▶ [RAW DATA]:
####################

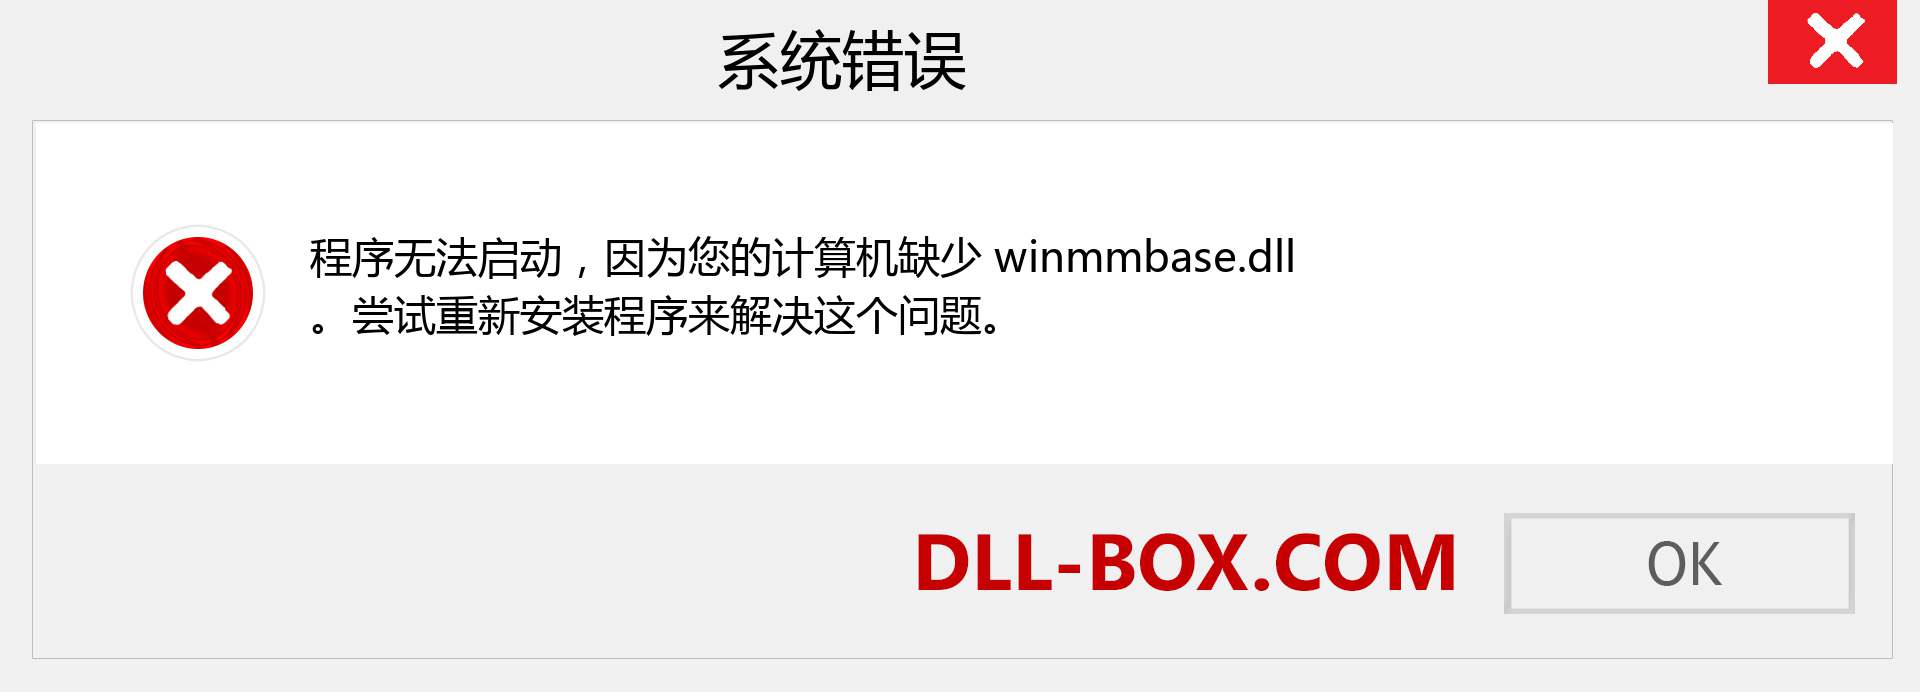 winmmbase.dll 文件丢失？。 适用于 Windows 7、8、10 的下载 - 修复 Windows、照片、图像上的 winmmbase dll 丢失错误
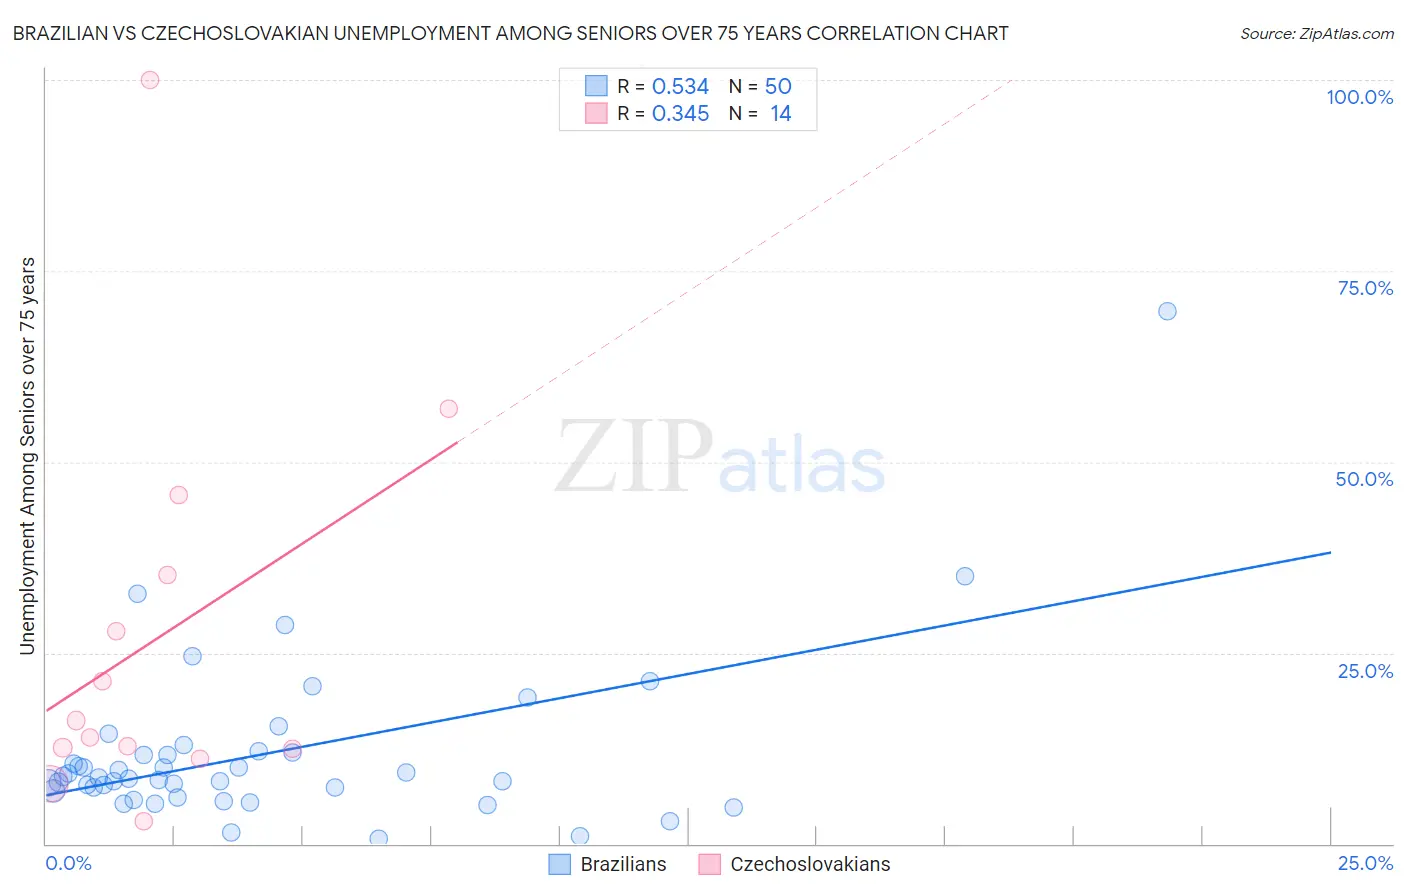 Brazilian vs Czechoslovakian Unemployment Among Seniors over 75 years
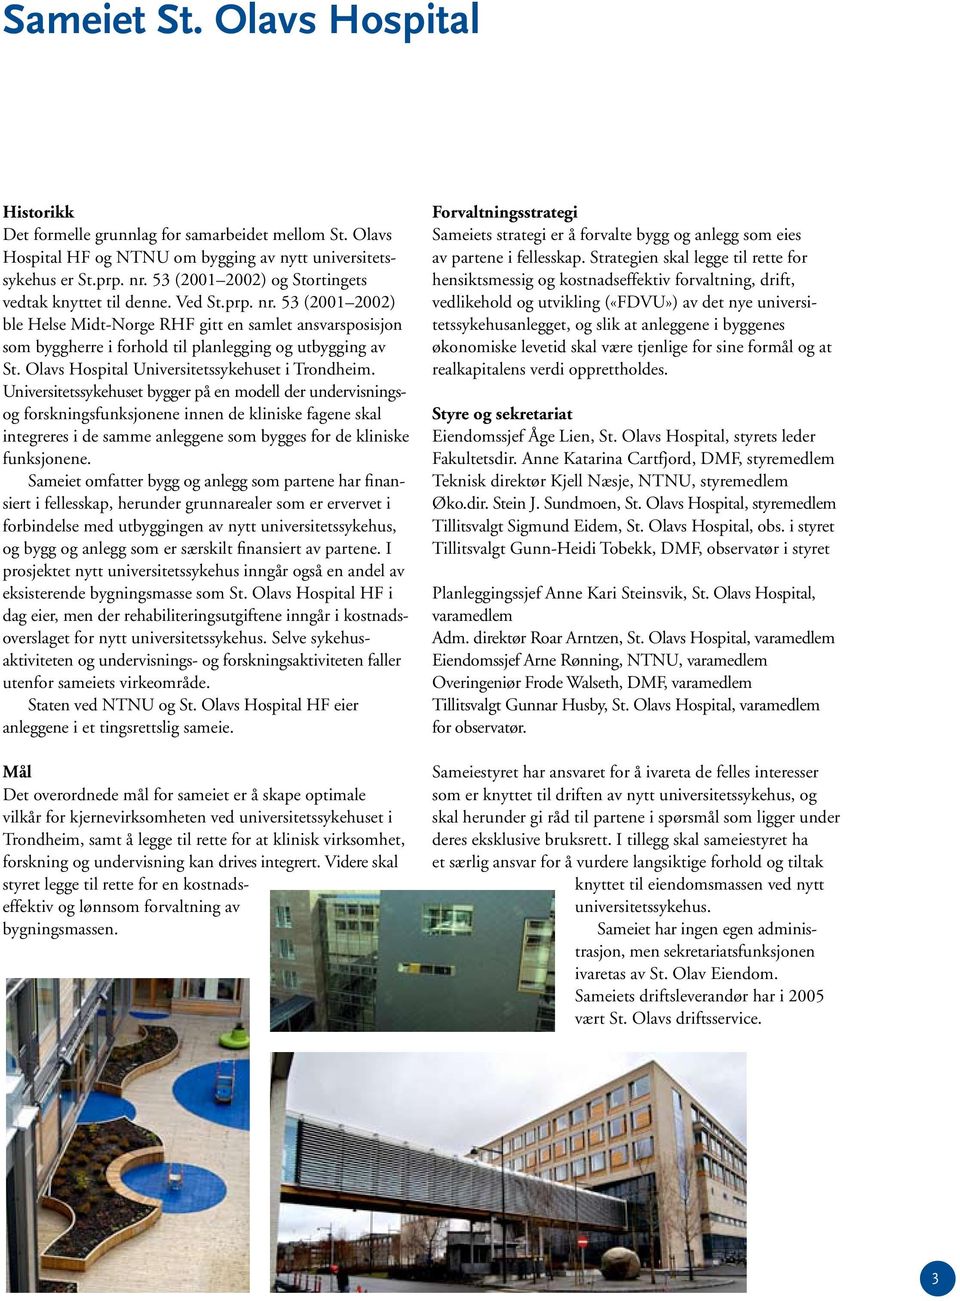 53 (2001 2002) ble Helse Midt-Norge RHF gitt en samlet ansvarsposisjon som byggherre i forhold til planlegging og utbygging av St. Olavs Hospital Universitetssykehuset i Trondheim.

####################

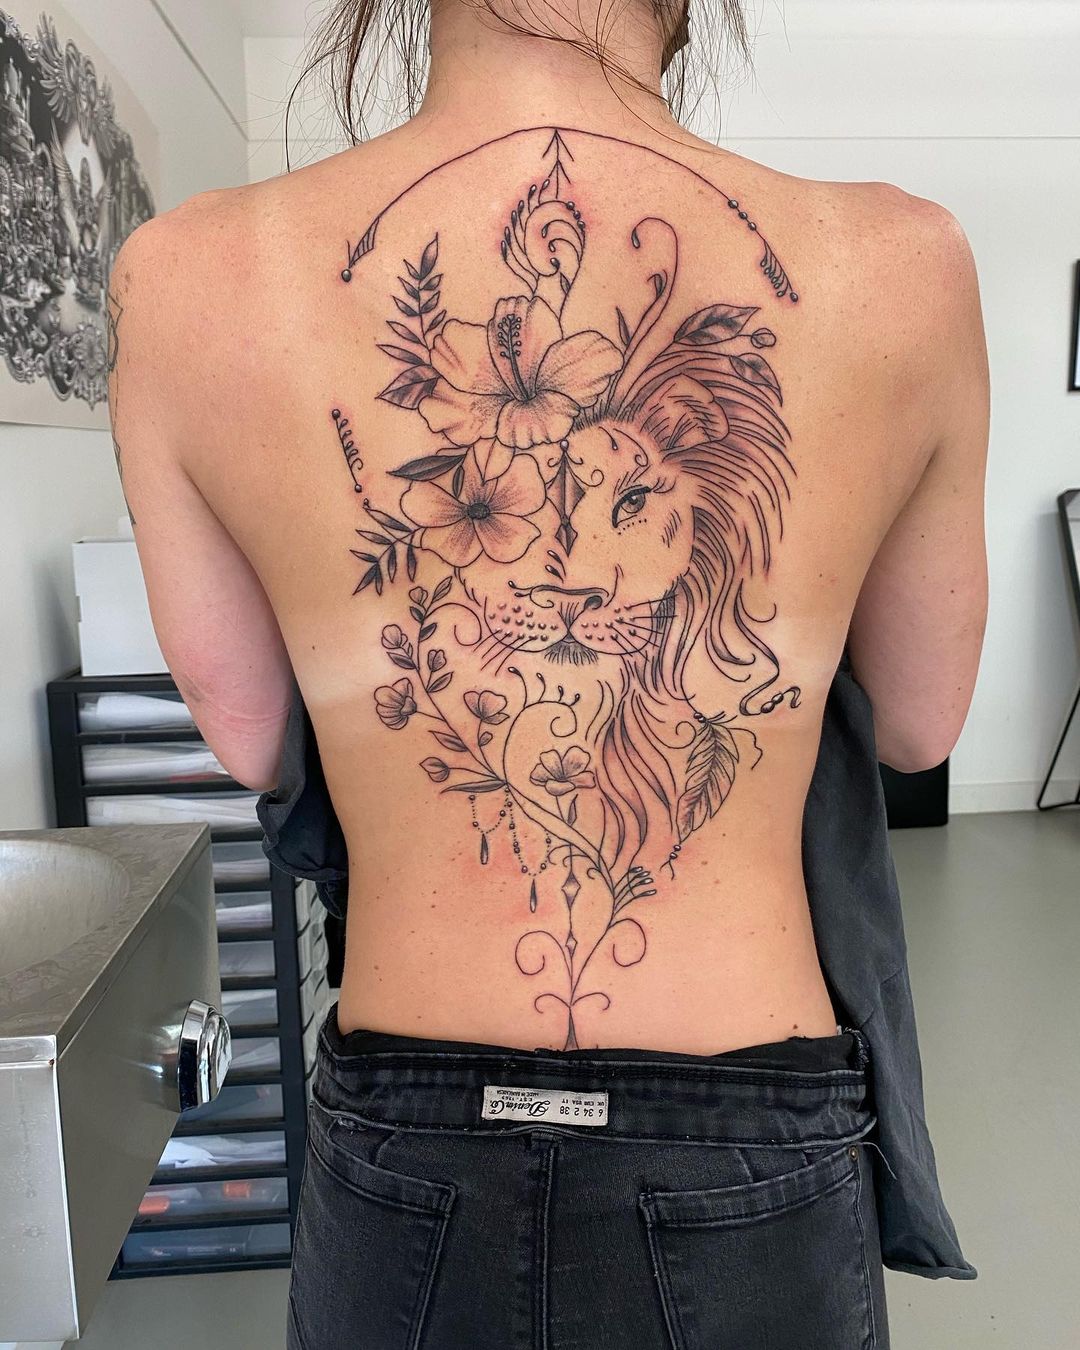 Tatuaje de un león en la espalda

####################

▶ [EXERCISE DIRECTIONS]:
In the listing above, find the line with "winmmbase.dll 文件丢失？。 适用于" and output it and every line after it up to and including the line with "53 (2001 2002)", exactly, minus the pictures.

▶ [YOUR SOLUTION]:
 winmmbase.dll 文件丢失？。 适用于 Windows 7、8、10 的下载 - 修复 Windows、照片、图像上的 winmmbase dll 丢失错误
 Brazilian vs Czechoslovakian Unemployment Among Seniors over 75 years
 53 (2001 2002) ble Helse Midt-Norge RHF gitt en samlet ansvarsposisjon som byggherre i forhold til planlegging og utbygging av St. Olavs Hospital Universitetssykehuset i Trondheim.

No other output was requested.